Case 2: For every $x$, there is a $y$ such that $P(x,y)$ holds.
As I currently interpret it, these both mean the same. Could someone indicate whether I have thought about this correctly? I know that if I had taken case 2 to be $$\forall y\exists x\;.\; P(x,y)$$then the meaning changes. What if it is only the quantifiers that are swapped, and variables remain in the same place? All help appreciated.
Case 1 means that a single $x$ exists that makes $P(x,y)$ true for all $y$. This $x$ is the same for all $y$: this information is found in the order of the quantifiers, where we wrote $\exists x$ such that $\forall y$.
Case 2 means that given any $x$, we can find a $y = y(x)$ such that $P(x,y)$ is true. The choice of $y$ depends on the $x$ we started out with, this information is given by the quantifiers written in the order $\forall x$ $\exists y$.
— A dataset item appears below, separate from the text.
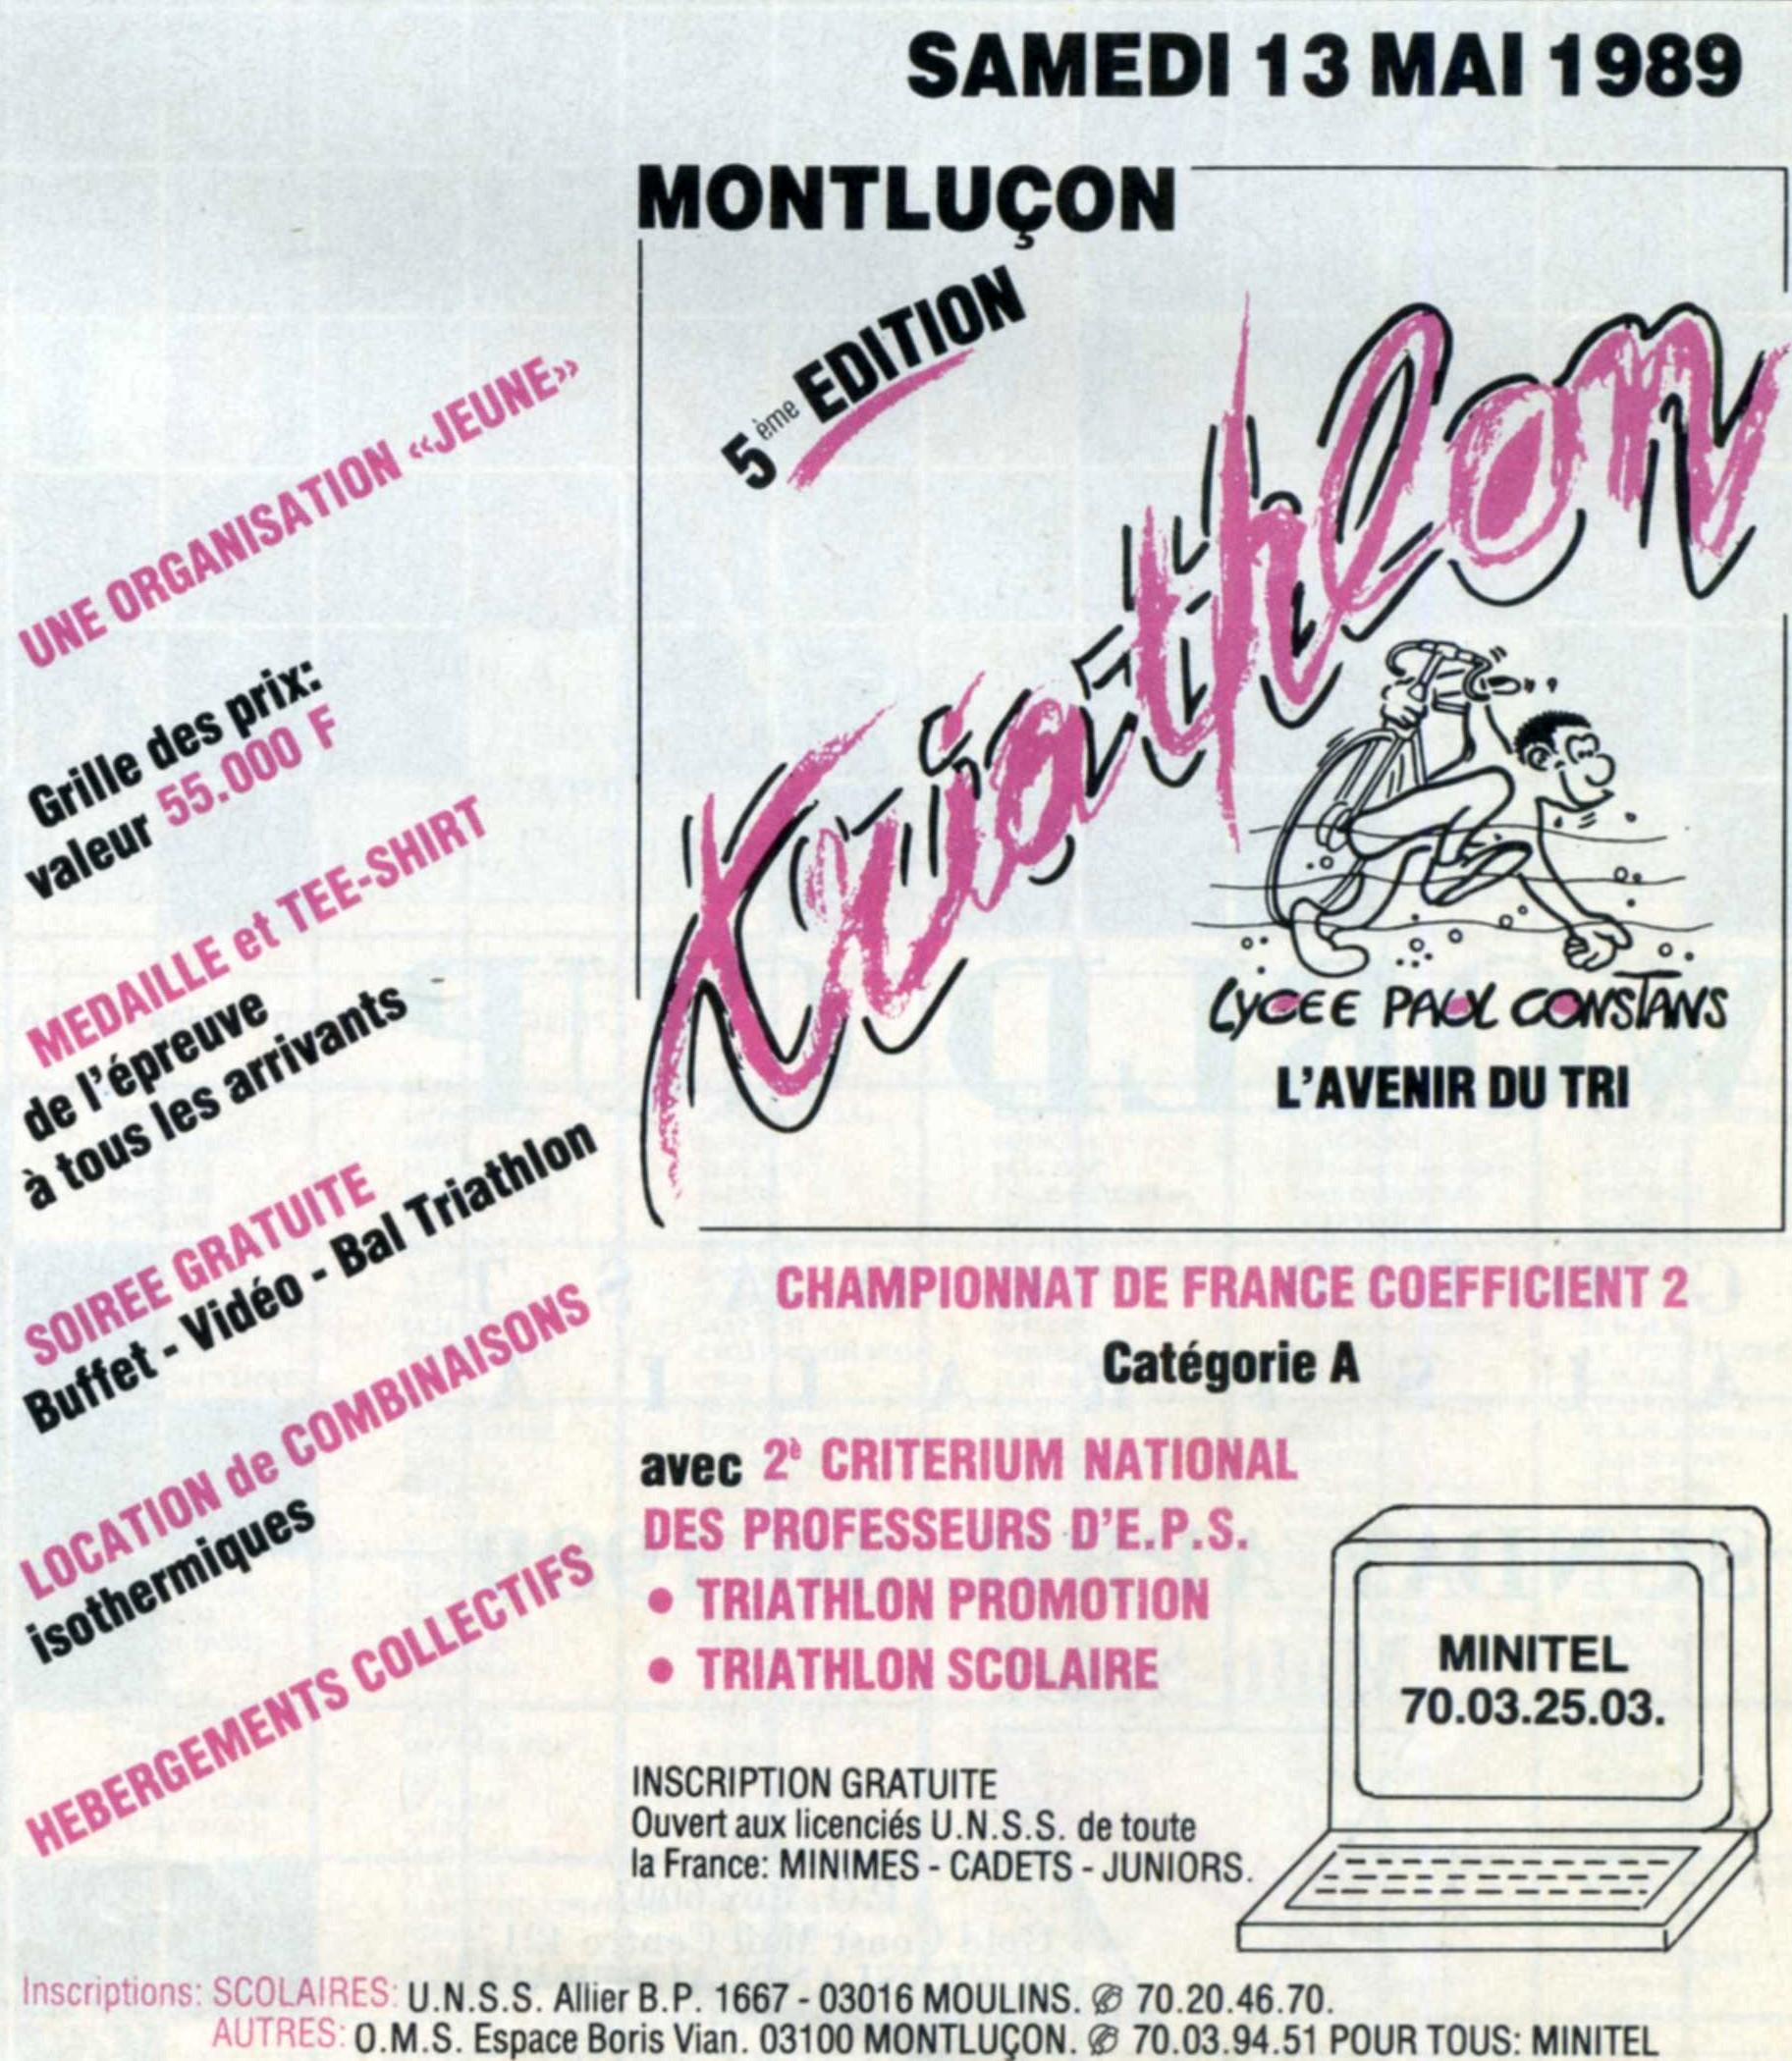 img[A]015_13-mai-1989_MONTLUCON_pub

A concrete example might help, let's look at the definition of a converging sequence: $(a_n)_{n \in \mathbb{N}}$ converges to $L$ iff $\forall \varepsilon >0$, $\exists n_0 \in \mathbb{N}$ such that $\forall n\geq n_0$, $|a_n - L| < \varepsilon$. The order of the quantifiers matters, here the $n_0$ depends on the choice of $\varepsilon$. This makes sense, if I make the distance between $a_n$ and $L$ very small ($\varepsilon$), then the term of the sequence $n_0$ starting from which all elements of the sequence are within a distance $\varepsilon$ of the limit $L$ will increase. Swapping the order of $\exists n_0$ and $\forall \varepsilon$ wouldn't make sense anymore.
(edit: fixed a typo, thanks Andreas)